Lindsey Vonn returns following crash
BEAVER CREEK, Colo. -- Lindsey Vonn squeezed in a little freeskiing on Thanksgiving morning, a step in the right direction for a return to racing after reinjuring her right knee in a recent training crash.
The reigning Olympic downhill champion posted on her Facebook page Thursday: "First day back on snow since my crash and it was awesome!" She also attached a picture of herself -- grinning -- on an empty slope in Vail.
Although she's skipping the races in Beaver Creek this weekend, the 29-year-old Vonn hasn't ruled out a return to competition in Lake Louise, Alberta, next week. Good friend and rival Maria Hoefl-Riesch of Germany told The Associated Press on Thursday after a downhill training run that the two are planning to travel together to Lake Louise on Monday.
"She's really positive," said Hoefl-Riesch, who spent some time with Vonn earlier in the week. "I'm looking forward to seeing her back on skis and finally back racing.
"If she feels well and has no pain and no unstable feeling, I think she's strong enough in her head to ski 100 percent."
Vonn had a training mishap in Copper Mountain nine days ago and partially tore a reconstructed ligament in her right knee. At the time on Facebook, she called it a "temporary setback" and that "nothing will keep me from picking myself back up and continuing to fight for my dreams."
The Sochi Olympics are in February.
Vonn hasn't raced since tearing ligaments in her right knee during a high-speed accident at the world championships in February. She was well ahead of schedule for a World Cup return -- with her first competition scheduled to be this weekend in Beaver Creek -- before her crash at the U.S. speed center in Copper.
Just the news that Vonn was back on skis was greeted as a good sign for teammate Leanne Smith.
"I'm psyched for her," Smith said. "I just want her to feel comfortable and ready to get back on it. ... I know she's working (hard) and that's all that matters. I hope the progression is easy for her and that her confidence is right back again."

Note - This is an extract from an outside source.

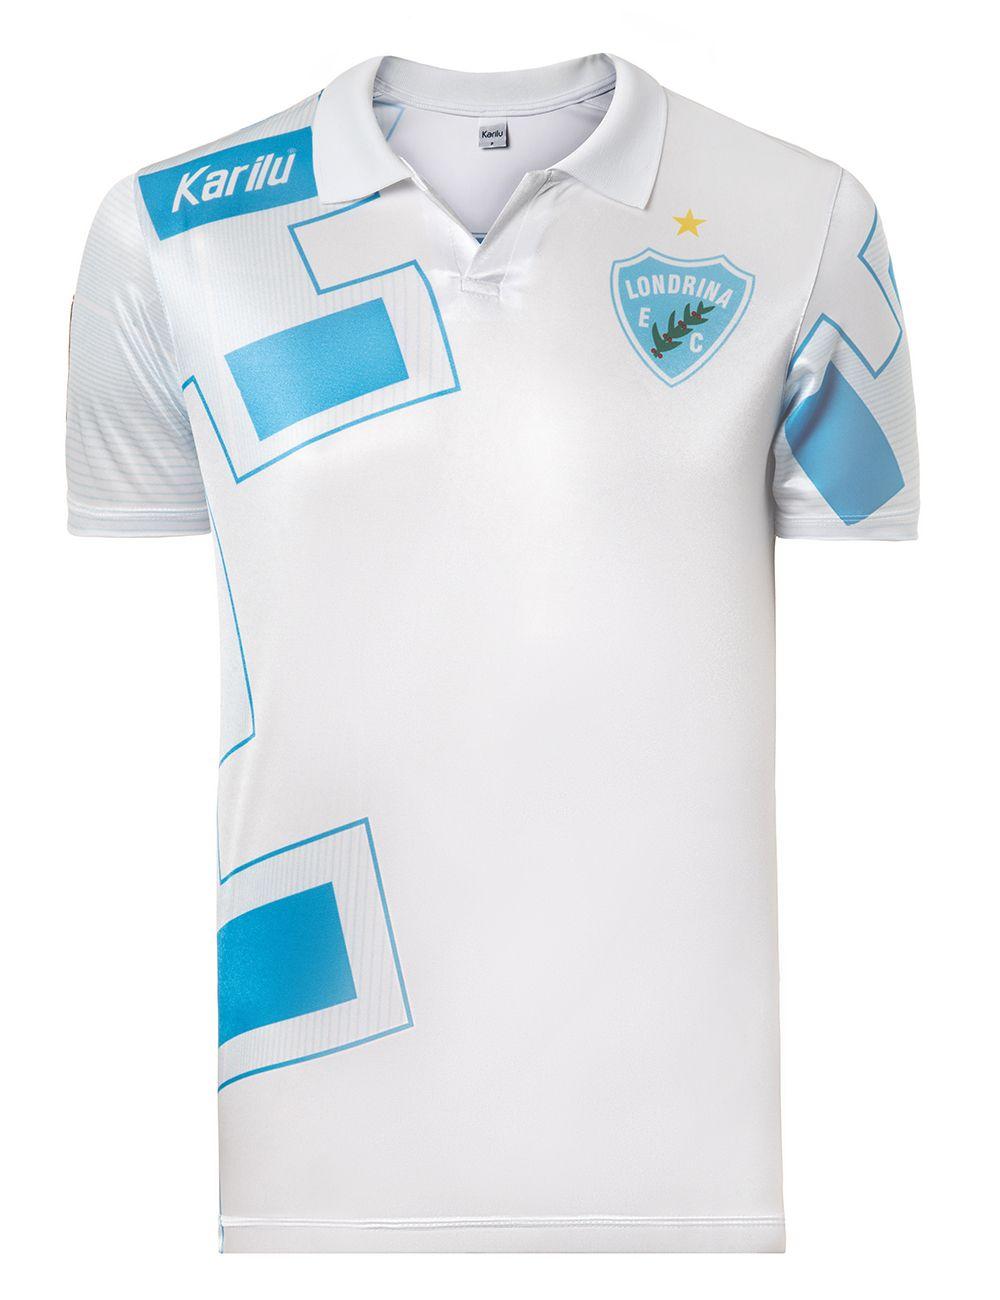 18055bd71 Camisa Retrô do Londrina - 1992 - Modelo branco na Karilu

In an interview with NBC's "Today" show on Wednesday, Vonn said that her recent crash was caused when she caught an edge, flipped over her skis and "went head-first into the fence." She said the knee wasn't the reason for the spill and that her protective brace saved her from possibly more damage.

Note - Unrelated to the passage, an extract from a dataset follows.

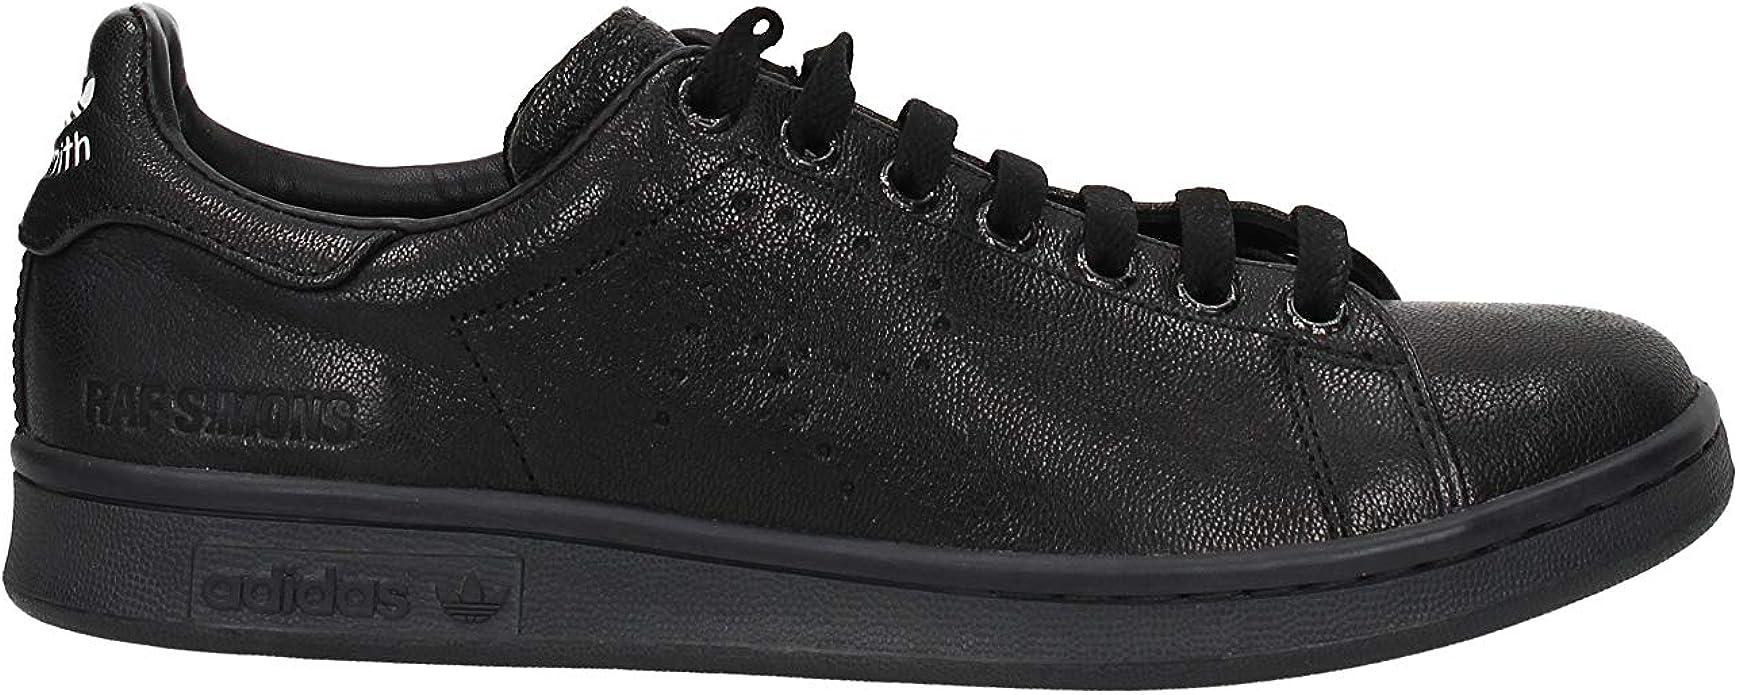 adidas Sneakers RAF Simons Stan Smith Uomo Pelle (S74620

"Unfortunately, it was really bad timing for me," Vonn said. "I'm still confident. I still feel like I have a lot left to achieve this season. ... I still have time before Sochi."
In her Facebook post Thursday, Vonn didn't indicate how aggressively she skied or how long she was on the hill. She did thank Vail for opening the lifts early and wished everyone a happy Thanksgiving.
"I'm very thankful for many things this year (family, loved ones, great fans) but at this moment I'm happy to be on the mountain doing what I love -- skiing!!" she posted.
Vonn needs just three more wins to match Austrian great Annemarie Moser-Proell's record of 62 World Cup race victories.